I assume that's not what you meant-- and yet, the top producers of d20 product are still around, and successful today.
Those guys that were driving the glut with stuff produced based on personal tastes instead of sound business decisions did a lot of harm. To the business-oriented 3PPs, to the retail environment, and consequently to WotC.
You really need to be willing to provide specifics.
Again: The
vast majority of the d20 product that was in the distribution chain was put there by companies with the clout to get it there:
The business-oriented 3PPs.
Make a list. Name names. It's ok-- I don't mind doing it, because the vast majority of this product was
successful. There was a market for it.
Was the market as big as the retailers thought it would be? No.
There's your glut.
But the glut had nothing to do with the quality of the products or the types of product lines the publishers chose to focus on.
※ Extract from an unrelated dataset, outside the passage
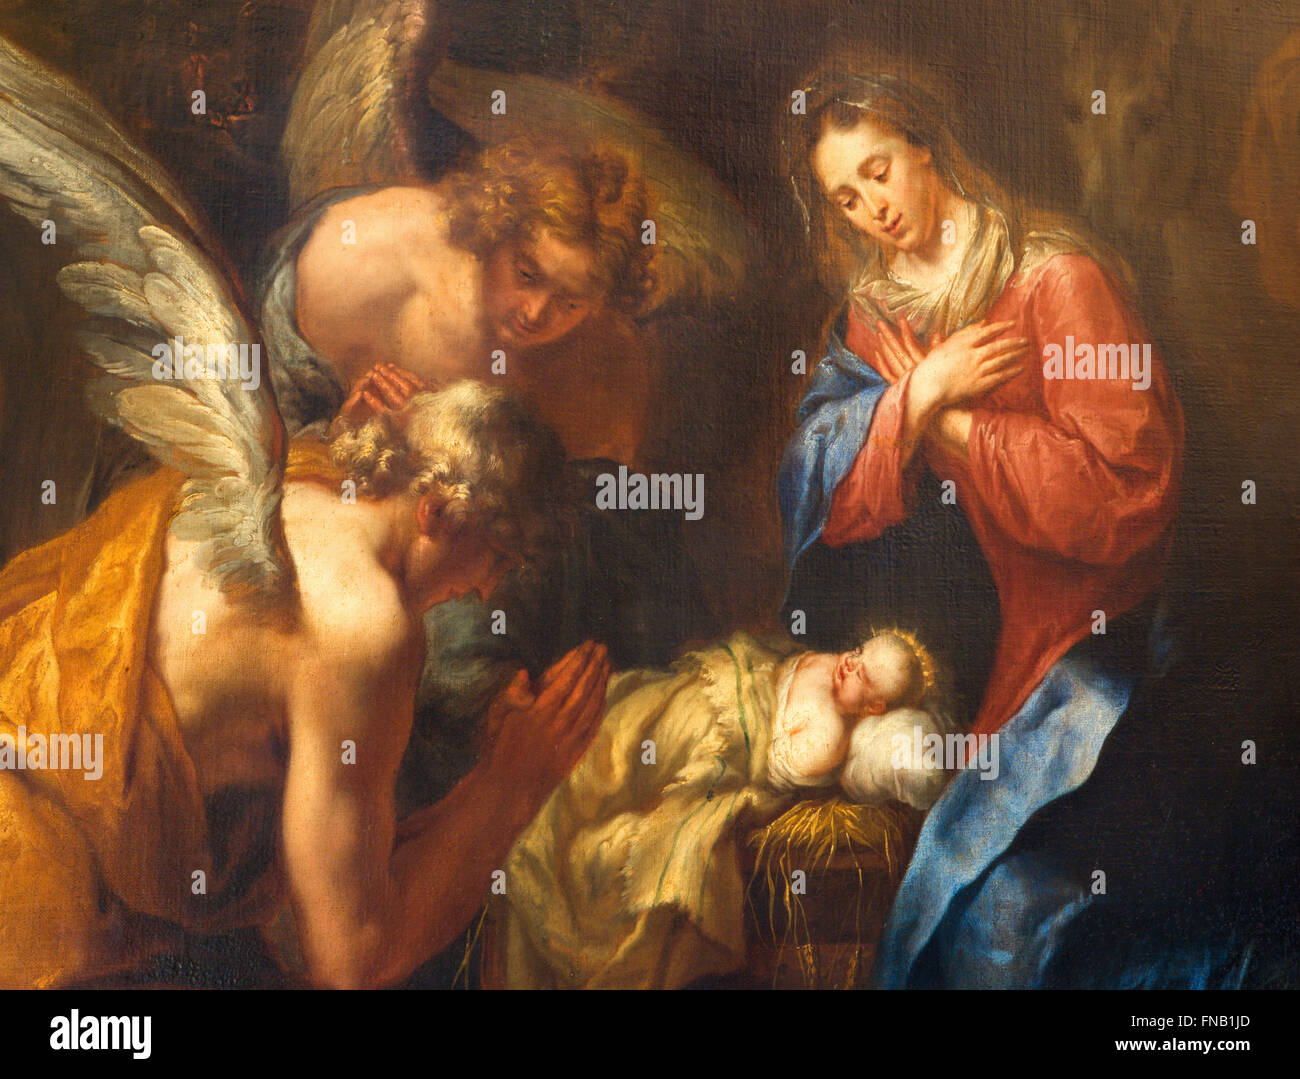 Anvers, Belgique - Septembre 5,2013 : Détail de la peinture de la Nativité par Kasper van Opstal (1660 - 1714) dans l'église Saint Charles Borromée. Banque D'Images

They just printed too much.
Supply exceeded demand. It really doesn't require any more analysis than that. It is not necessarily an indictment on the quality of the supply that there is no demand for it. Obviously there's less demand for crappy product. But it is also possible for there to be no demand for
good product.
If you try to single out any particular publishers for being responsible for the glut, odds are
very high that you're going to be pointing your finger at a successful publisher with good business sense who built a loyal following and has one or more successful brand lines.
I'll spot you Fast Forward Entertainment and any other defunct 3PPs you like. We'll take all that "crappy glut product" out of existence. Erase it from the history books.
You still won't make a dent in the amount of d20 product produced by the most successful publishers, all of whom are still around and healthy (whether or not they are still publishing for d20).
I suggest that you might have
prolonged the lifetime of 3e publishing, delayed the collapse a bit, but saturation was inevitable.
Saturation in the RPG business is always inevitable. It's why we have 3rd and 4th and 5th editions.
Love it or hate it, one consequence of the GSL is that it'll keep a lot of those guys out of the market, making it a better business environment for the smaller number of publishers that do pursue the GSL.
You have it exactly backwards. The companies who are in the best position to offer quality product-- to use their business acumen to create high quality product and to grow it into successful brands-- are the ones least likely to accept a license that can cut the legs out from all their hard work.
The GSL is far more attractive to 3PPs who want to dabble-- get in, make some money, get out. They won't care one whit if they are building successful product lines and a sustainable publishing business on the back of a volatile, ephemeral, and one-sided license.